Тем не менее, объем моей талии увеличился. Джинсы перестали застегиваться, и я носила панковские балахоны. Каждый день стала проверять сантиметром – растет! Отчего – в упор не понимаю. Пришлось сходить в женскую консультацию. В кабинете сидели две милые старушки. Бабуля, которая была врачом, просияла: вы – девственница! Заметила что-то про ожирение, хотя у меня все позвонки пересчитать можно и ребра торчат. Спросила, действительно ли мне хочется, чтобы меня обследовали через прямую кишку. Не хочется, конечно. Потом бабуля протерла очки, еще раз протерла, пожаловалась медсестре, что неважно себя чувствует. Они быстренько выставили меня из кабинета, и я услышала обрывки разговора: «Увольняться пора, Нина, мерещится всякое». Пришлось купить тест на беременность в аптеке. Ненавижу детей! Особенно эмбрионы! Особенно этот!

* * *

Однажды иду по Невскому, вижу лицо до того знакомое, что ноги сводит. Парень – бежать. Я как рявкну:
— Стоять!
И он рухнул на плитки, будто его камнем сбили. Уставился, как на нечисть, орет:
— Отъебись от меня, уродина! Ведьма!
Встает – и на кулаком в глаз со всей дури! Я ему так и сказала: последнее дело бить беременную девушку. Он и в жизни козлом оказался. Ничего, пришли в себя немного, он мне выпить купил. Объяснил, что моя харя ему месяц мерещилась под ЛСД, я его била, оскорбляла, царапала когтищами, и он это видение никак не мог прогнать. Он до сих пор девушек не хочет. Фауста никакого не читал, делать ему больше нечего? Сказал, что ему пора, и быстро смылся. Даже не поинтересовался, от кого ребенок.
А был ли парень на самом деле? Иногда кажется, что мне приснилась эта встреча.

* * *

Что делать дальше, не представляю, у меня резус-фактор отрицательный. Если вытравлю эту сволочь, детей потом вообще может не быть. В центре «Ювента» так и сказали. Они там тоже немного пришизели, спросили, как это у меня получилось.

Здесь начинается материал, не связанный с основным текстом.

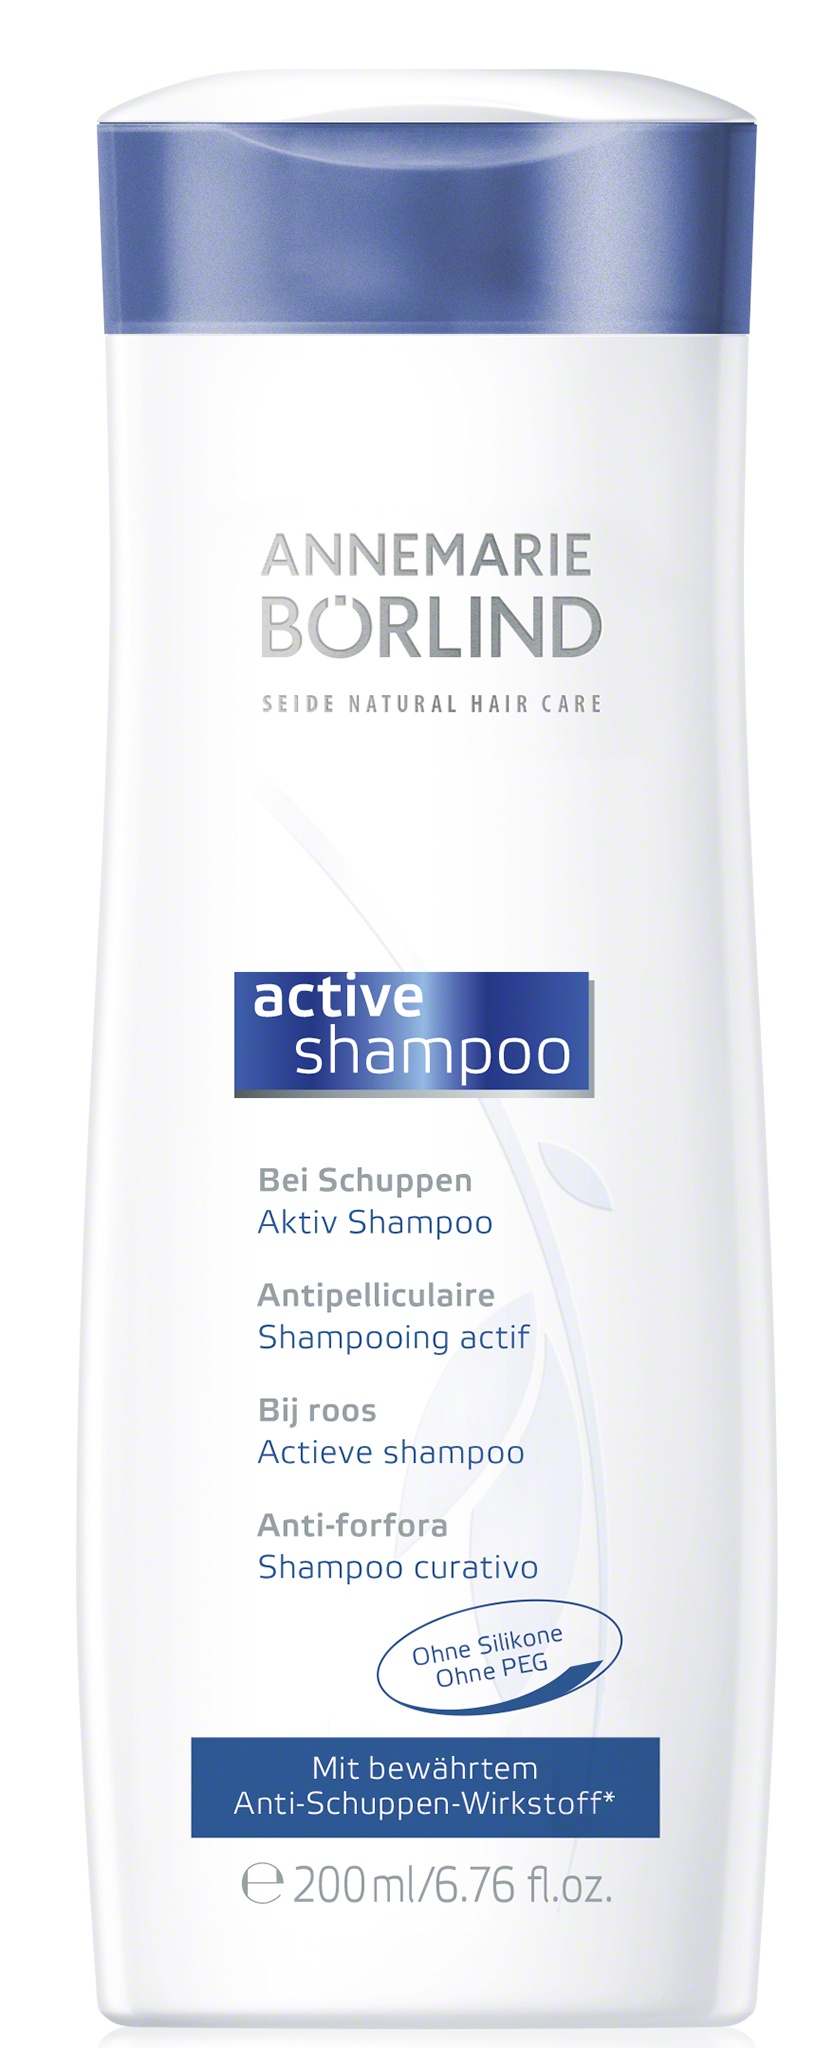 Annemarie Börlind Seideaktiv Shampoo
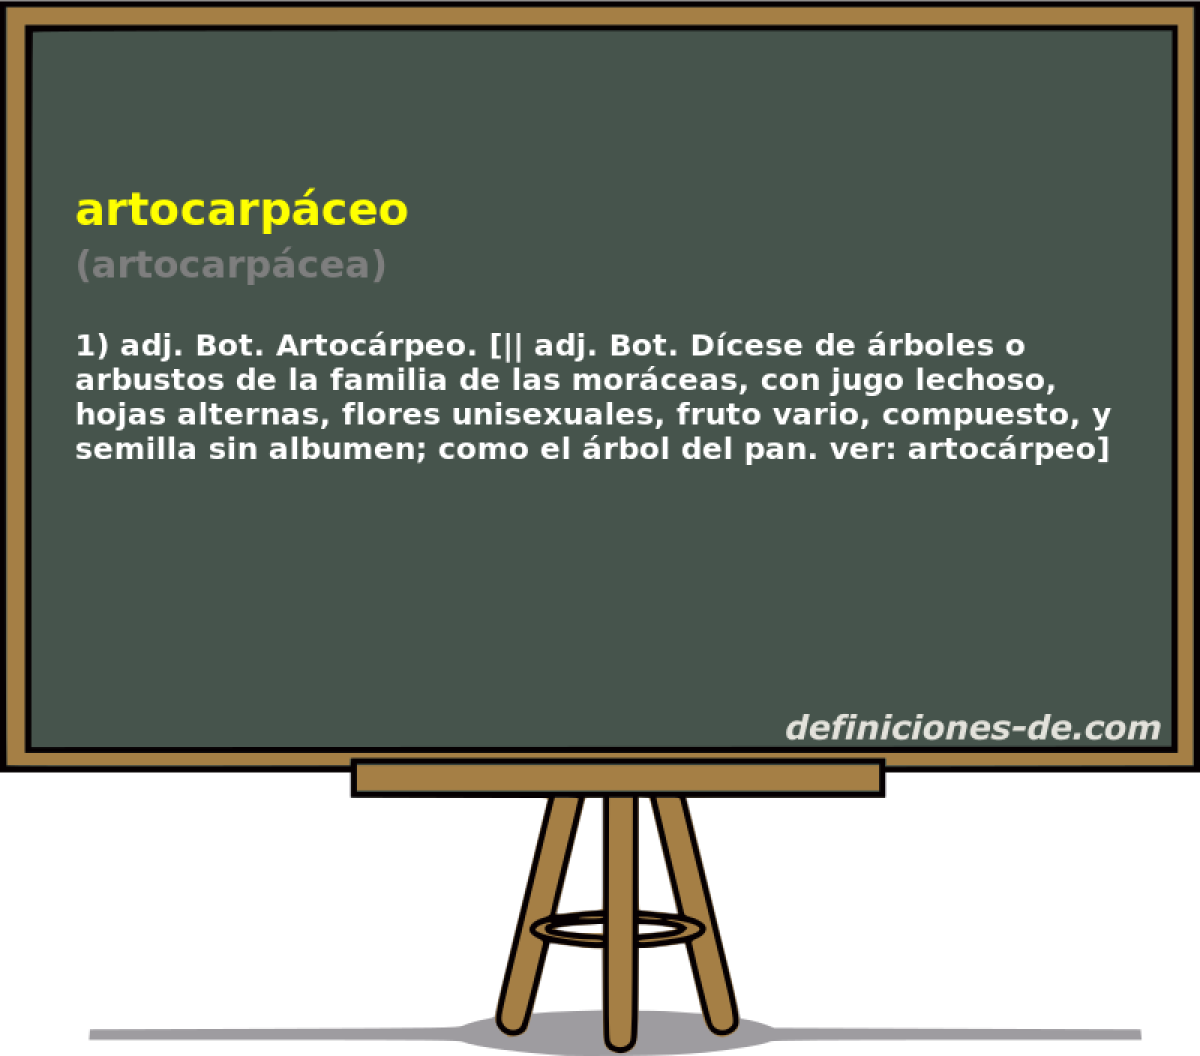 artocarpceo (artocarpcea)

Думают, что я – суррогатная мать. Думают – криминал. Пусть думают. Родители ничего не знают, я бегу из школы прямо в свою комнату, говорю, что много уроков, на кухне ем сидя спиной к ним. Они считают, что это какой-то юношеский кризис. Взросление.
В принципе, мне насрать, что скажут родители. Они простят, у них других детей нет. О ком им еще заботиться? Я боюсь того, что внутри. Думаю, не убьет ли это меня, как ту девушку в «Чернокнижнике»? Всё это херня, этого не бывает. Это фильмы попсовые. Это не на самом деле, я сплю, я сплю, я сплю… Я сон себе заказала эротический, с продолжением.
Иногда просыпаюсь утром – а живота нет, просыпаюсь снова – он есть. Чего я не понимаю – так это в какой реальности он есть. И что внутри. По ночам теперь мечтаю, кем вырастет существо, которое живет во мне. Воспитаю его крутым панком, он, несомненно, воскресит разлагающийся упаднический панк-рок, скажет новое слово в неформальной культуре, изменит мир и всё такое. А я буду, естественно, его матерью.
И желтый ирокез вместо нимба. Хой!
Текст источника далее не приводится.